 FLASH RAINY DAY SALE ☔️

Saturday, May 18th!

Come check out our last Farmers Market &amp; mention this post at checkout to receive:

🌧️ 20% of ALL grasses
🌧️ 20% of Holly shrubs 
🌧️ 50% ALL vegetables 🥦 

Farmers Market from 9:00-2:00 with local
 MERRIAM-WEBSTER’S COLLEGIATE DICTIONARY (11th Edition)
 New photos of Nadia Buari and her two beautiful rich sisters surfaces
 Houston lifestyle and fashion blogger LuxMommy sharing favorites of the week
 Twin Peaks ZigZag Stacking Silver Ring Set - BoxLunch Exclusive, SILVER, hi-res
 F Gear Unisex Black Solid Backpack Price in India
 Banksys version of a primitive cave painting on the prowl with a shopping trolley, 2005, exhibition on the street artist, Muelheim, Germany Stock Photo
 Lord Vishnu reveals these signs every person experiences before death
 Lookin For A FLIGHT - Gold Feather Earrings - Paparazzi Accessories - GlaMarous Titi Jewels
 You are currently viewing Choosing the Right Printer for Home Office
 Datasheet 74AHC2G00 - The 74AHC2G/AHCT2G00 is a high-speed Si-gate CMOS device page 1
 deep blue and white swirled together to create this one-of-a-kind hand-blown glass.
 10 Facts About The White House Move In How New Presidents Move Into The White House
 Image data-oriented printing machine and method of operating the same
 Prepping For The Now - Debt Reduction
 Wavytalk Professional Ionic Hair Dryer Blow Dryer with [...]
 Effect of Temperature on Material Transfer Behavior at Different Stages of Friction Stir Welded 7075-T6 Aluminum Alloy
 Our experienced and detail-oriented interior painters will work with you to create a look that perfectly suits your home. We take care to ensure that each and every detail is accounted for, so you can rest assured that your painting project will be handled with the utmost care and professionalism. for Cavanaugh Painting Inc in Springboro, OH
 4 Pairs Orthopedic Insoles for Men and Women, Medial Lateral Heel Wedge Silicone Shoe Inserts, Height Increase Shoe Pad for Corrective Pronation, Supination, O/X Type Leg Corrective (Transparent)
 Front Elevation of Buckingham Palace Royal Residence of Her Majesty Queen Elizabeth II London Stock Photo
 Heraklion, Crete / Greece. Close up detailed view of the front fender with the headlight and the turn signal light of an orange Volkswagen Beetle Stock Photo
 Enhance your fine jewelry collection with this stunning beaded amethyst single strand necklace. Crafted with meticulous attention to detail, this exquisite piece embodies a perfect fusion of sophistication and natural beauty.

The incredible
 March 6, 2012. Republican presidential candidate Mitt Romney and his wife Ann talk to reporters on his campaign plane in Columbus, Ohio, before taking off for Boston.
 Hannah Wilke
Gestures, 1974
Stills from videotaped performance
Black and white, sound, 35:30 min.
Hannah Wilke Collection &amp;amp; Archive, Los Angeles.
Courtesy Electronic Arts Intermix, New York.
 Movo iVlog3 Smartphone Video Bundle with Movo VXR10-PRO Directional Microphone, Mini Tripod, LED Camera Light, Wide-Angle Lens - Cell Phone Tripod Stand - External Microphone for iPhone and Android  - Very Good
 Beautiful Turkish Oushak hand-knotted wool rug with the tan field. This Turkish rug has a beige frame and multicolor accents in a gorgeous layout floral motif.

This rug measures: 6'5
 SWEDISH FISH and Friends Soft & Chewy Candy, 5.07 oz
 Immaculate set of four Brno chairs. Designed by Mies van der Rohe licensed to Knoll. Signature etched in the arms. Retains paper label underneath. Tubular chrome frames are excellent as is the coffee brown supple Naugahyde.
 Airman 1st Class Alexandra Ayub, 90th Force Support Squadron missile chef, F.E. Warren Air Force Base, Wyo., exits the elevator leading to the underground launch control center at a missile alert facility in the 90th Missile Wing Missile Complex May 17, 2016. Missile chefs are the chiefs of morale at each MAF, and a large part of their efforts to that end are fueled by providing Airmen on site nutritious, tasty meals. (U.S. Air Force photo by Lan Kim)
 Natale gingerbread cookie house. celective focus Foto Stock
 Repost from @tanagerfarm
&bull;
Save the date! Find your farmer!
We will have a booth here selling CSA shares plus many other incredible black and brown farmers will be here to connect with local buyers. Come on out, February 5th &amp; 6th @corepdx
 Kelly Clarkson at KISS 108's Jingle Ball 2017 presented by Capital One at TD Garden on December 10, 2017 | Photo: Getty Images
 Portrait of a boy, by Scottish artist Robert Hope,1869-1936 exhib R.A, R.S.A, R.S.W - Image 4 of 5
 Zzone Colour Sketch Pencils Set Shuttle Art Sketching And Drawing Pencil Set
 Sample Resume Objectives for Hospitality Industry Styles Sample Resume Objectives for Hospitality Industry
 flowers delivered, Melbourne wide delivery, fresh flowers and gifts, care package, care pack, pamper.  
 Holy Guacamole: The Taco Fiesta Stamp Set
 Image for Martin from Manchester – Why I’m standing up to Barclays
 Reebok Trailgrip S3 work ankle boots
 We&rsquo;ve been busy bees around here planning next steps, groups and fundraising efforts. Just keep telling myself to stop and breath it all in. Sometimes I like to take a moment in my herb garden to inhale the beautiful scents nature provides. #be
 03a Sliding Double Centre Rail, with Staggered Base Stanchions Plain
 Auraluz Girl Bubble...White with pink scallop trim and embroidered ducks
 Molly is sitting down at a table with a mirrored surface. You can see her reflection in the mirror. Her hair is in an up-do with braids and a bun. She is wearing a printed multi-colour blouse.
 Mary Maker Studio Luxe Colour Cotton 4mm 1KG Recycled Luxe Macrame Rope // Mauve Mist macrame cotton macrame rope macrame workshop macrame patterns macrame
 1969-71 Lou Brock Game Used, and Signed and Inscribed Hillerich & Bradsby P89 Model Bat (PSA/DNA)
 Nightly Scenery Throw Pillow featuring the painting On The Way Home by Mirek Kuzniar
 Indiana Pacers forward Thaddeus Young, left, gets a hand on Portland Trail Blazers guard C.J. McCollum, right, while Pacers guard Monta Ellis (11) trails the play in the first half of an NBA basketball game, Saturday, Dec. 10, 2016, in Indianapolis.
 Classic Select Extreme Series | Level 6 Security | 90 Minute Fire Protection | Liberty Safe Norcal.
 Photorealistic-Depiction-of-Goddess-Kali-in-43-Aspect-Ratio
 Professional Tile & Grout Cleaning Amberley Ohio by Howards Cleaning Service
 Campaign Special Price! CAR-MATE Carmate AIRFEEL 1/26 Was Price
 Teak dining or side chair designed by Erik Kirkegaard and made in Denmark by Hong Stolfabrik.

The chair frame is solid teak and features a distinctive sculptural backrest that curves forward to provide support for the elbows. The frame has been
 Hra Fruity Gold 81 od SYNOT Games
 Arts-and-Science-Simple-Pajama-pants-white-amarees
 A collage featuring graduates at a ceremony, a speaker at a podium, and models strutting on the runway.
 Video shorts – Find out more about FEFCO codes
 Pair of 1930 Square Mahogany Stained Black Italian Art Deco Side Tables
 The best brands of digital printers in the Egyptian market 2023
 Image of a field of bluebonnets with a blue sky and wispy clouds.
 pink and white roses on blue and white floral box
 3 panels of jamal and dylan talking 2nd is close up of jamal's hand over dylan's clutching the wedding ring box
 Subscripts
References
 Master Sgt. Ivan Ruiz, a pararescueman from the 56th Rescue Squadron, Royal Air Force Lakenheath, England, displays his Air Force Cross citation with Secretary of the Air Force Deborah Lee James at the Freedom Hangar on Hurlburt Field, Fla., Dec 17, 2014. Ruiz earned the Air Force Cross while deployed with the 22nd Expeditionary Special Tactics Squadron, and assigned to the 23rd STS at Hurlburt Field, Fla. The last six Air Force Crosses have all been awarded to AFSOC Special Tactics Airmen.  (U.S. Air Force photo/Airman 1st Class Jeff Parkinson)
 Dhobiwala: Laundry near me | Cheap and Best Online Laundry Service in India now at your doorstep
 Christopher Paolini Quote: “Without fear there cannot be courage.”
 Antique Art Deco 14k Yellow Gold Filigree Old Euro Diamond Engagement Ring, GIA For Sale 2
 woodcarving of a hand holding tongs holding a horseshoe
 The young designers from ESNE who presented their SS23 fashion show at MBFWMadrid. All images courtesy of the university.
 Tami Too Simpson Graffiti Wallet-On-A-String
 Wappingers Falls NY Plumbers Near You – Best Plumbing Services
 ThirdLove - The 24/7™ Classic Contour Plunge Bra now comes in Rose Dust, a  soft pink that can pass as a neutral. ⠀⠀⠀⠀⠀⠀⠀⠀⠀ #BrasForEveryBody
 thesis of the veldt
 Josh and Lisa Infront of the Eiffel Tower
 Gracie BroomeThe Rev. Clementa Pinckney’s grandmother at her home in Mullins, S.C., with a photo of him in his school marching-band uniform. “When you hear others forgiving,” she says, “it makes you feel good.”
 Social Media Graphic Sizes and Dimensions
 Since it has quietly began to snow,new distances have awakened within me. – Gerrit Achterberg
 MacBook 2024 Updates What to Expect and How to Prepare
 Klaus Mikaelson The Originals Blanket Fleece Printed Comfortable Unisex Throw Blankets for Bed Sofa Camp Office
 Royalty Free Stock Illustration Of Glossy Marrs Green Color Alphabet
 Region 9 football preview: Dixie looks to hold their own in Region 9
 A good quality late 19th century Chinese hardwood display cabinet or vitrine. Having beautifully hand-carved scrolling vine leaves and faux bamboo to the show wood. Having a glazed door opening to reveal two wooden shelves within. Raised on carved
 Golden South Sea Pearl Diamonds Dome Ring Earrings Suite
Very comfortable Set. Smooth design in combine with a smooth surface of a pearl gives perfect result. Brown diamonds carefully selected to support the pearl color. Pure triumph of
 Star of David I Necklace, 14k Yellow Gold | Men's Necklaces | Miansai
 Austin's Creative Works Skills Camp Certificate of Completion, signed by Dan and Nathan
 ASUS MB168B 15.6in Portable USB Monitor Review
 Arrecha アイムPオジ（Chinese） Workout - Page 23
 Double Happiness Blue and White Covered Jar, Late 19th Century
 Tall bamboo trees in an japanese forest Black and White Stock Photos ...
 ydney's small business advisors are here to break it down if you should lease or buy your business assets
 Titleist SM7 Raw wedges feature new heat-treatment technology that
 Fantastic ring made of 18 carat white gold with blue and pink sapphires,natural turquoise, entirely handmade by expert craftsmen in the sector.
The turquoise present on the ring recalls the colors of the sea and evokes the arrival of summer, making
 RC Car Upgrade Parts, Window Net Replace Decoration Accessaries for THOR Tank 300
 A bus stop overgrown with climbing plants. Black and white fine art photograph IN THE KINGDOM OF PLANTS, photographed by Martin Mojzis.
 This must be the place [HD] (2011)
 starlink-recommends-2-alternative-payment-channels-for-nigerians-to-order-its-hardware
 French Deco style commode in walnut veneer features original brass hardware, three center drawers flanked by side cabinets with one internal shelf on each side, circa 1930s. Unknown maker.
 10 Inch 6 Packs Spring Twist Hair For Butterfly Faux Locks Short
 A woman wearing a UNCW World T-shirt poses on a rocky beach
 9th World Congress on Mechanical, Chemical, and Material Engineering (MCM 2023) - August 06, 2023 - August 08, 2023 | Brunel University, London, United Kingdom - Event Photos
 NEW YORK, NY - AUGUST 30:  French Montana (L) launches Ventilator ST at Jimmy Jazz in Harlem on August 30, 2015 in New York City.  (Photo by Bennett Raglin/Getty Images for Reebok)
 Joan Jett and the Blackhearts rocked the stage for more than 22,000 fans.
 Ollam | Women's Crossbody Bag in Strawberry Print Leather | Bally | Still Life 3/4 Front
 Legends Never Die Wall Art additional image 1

# Directions for this task:
Taking the entries above, restate exactly those lines that fall between the line with "Reebok Trailgrip S3 work ankle boots" and the line with "We&rsquo;ve been busy", keeping both of those lines too.

# Answer section:
 Reebok Trailgrip S3 work ankle boots
 We&rsquo;ve been busy bees around here planning next steps, groups and fundraising efforts. Just keep telling myself to stop and breath it all in. Sometimes I like to take a moment in my herb garden to inhale the beautiful scents nature provides. #be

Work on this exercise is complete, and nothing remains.